Requirement:
Transcribe all of the data verbatim, please, and leave out its pictures.

Provided material:
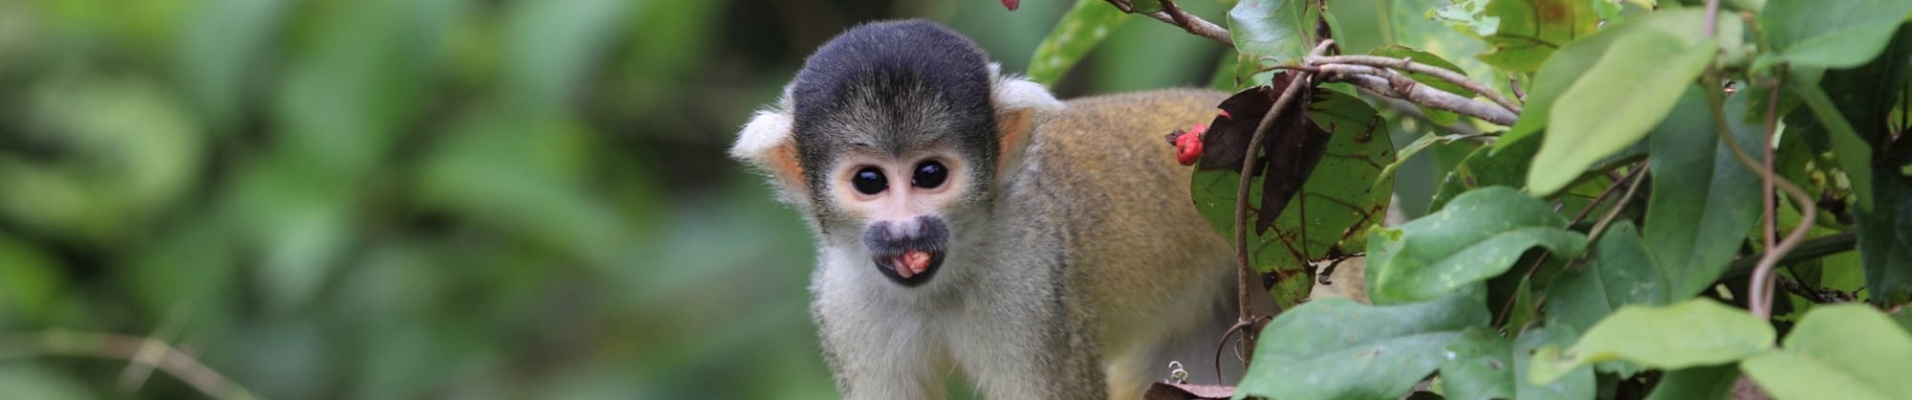 Petit singe en Amazonie bolivienne
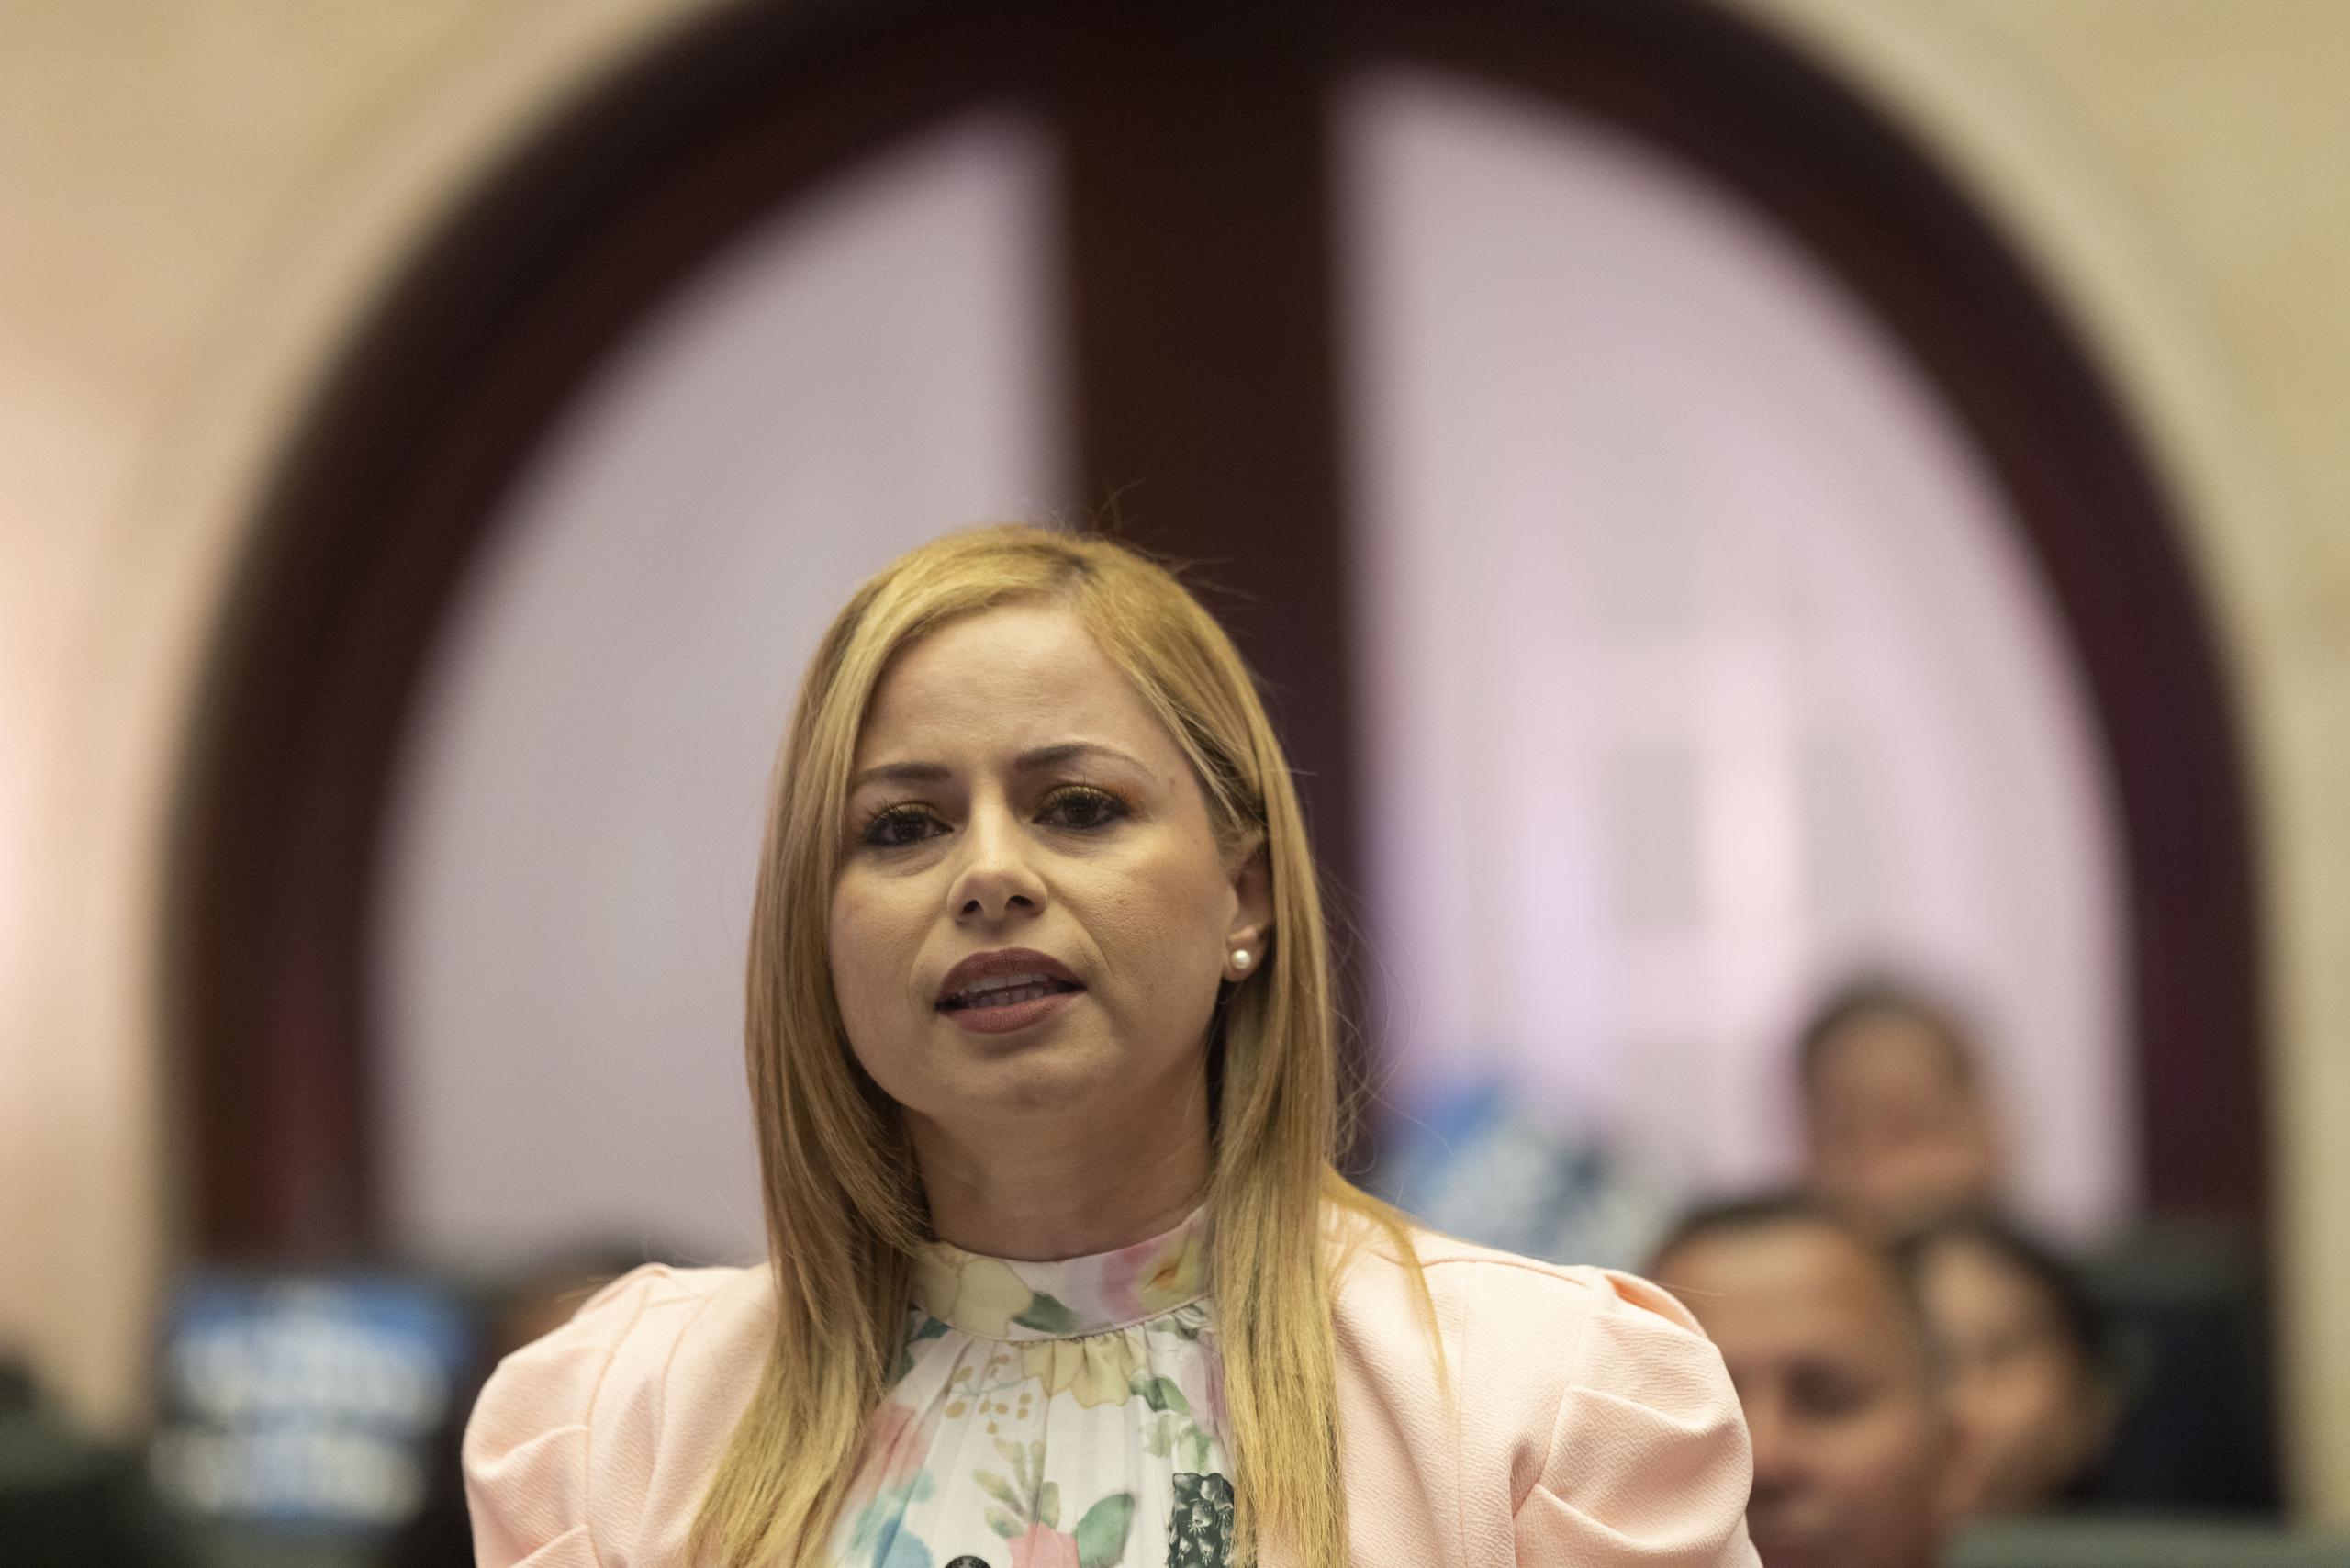 Jocelyne Rodríguez Negrón preside actualmente la Comisión de Asuntos de la Mujer de la Cámara de Representantes.
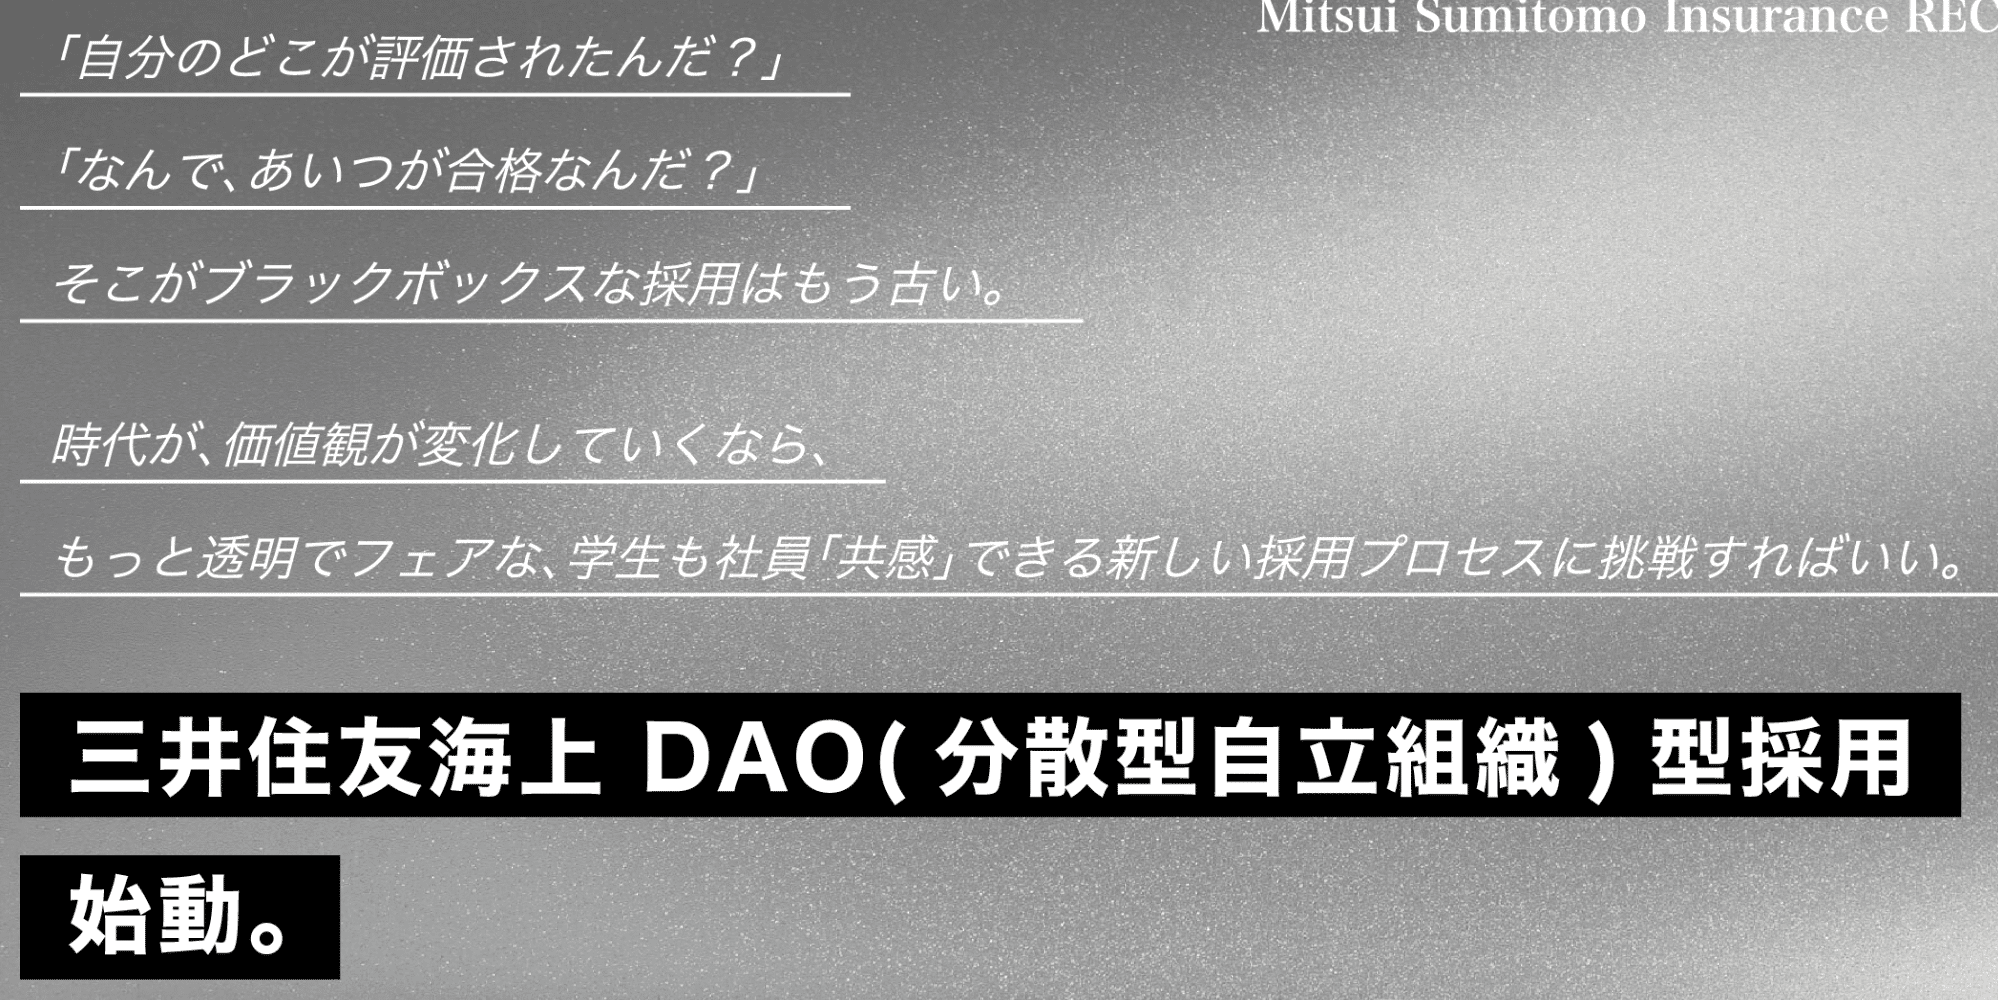 【伊藤が解説】三井住友保険の就職活動DAOとAI活用の未来

Answer space:
 Petit singe en Amazonie bolivienne
 Jocelyne Rodríguez Negrón preside actualmente la Comisión de Asuntos de la Mujer de la Cámara de Representantes.
 【伊藤が解説】三井住友保険の就職活動DAOとAI活用の未来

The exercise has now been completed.